The lead plaintiff for the case, titled
Operating Engineers Construction Industry and Miscellaneous Pension Fund v. Neogen Corporation, is being sought by September 16, 2025. This legal battle arises due to alleged misleading statements made by Neogen’s executives regarding the integration of their company with the Food Safety Division of 3M, which led investors to believe that the merger was progressing more positively than it truly was.
Background of the Allegations
In December 2021, Neogen Corporation announced a merger with 3M’s Food Safety Division, with the transaction closing in September 2022. The lawsuit claims that throughout the class period, Neogen and its executives failed to disclose critical issues related to this integration. Despite emerging inefficiencies from the merger, executives allegedly reassured investors without adequate transparency about these challenges.
Financial results released by Neogen reveal a troubling trend following the merger. On January 10, 2025, the company disclosed not only a significant GAAP net income loss due to a $461 million impairment charge related to the acquisition but also a reduction in their fiscal year 2025 revenue guidance. They admitted to internally controlled weaknesses regarding their financial reporting as of November 30, 2024, which they drew no attention to until publicly revealed.
Additionally, on April 9, 2025, Neogen reported a $11 million loss in their third quarter, including a worrying 3.4% decline in revenue, a trend attributed to ongoing integration issues. The announcement of CEO John Adent stepping down created further panic, contributing to a significant fall in stock price by 28%. This dramatic shift raises serious concerns from investors regarding the management’s competency and transparency.
Investor Action
Investors impacted by these developments are encouraged to seek appointment as lead plaintiff, which allows them to lead the charge in this class action against Neogen Corporation. As highlighted, being a lead plaintiff holds substantial importance but does not affect the ability of all investors to share in possible recoveries from the lawsuit.

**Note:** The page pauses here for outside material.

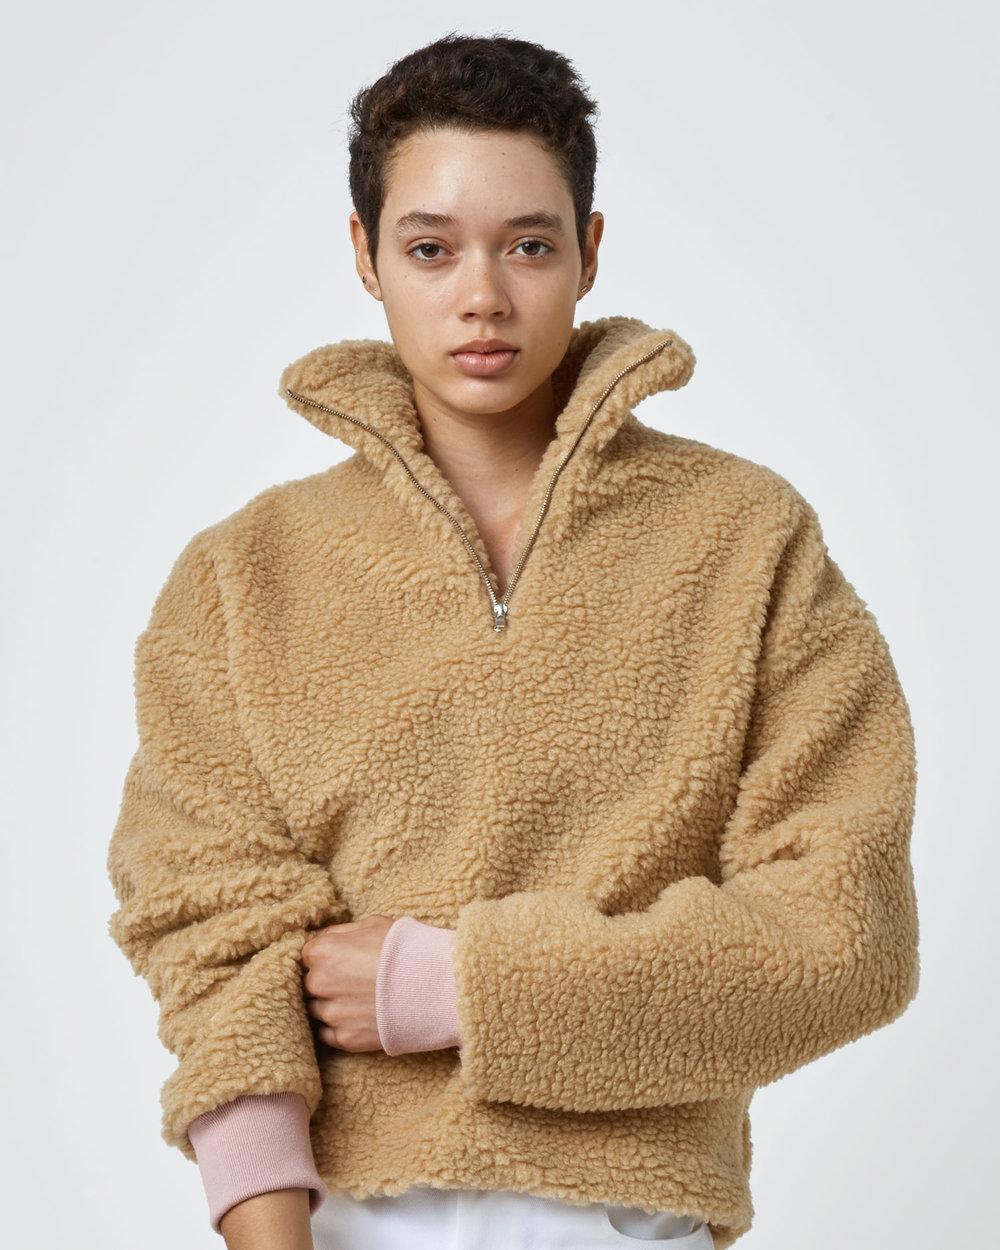 Shop One DNA Sherpa Fleece Half-zip in Camel with Pink Cuffs

Robbins Geller is calling interested investors who meet the criteria to provide their information through their dedicated platform. Moreover, the firm has secured more than $2.5 billion for investors in various related securities cases historically, which underlines their capability and commitment towards investor protection.
Conclusion
This legal notice represents a critical juncture for Neogen Corporation investors. With deadlines looming, affected parties are urged to act swiftly to ensure their voices are heard. The forthcoming class action lawsuit will serve not just as a means of potential financial restitution, but also as a vital step towards accountability for the executives at Neogen Corporation. If you believe you have been affected, further guidance can be received from the Robbins Geller law firm, or through their official page regarding this legal matter.
Contact: Robbins Geller Rudman & Dowd LLP
J.C. Sanchez, Jennifer N. Caringal
655 W. Broadway, Suite 1900, San Diego, CA 92101
800-449-4900
[email protected]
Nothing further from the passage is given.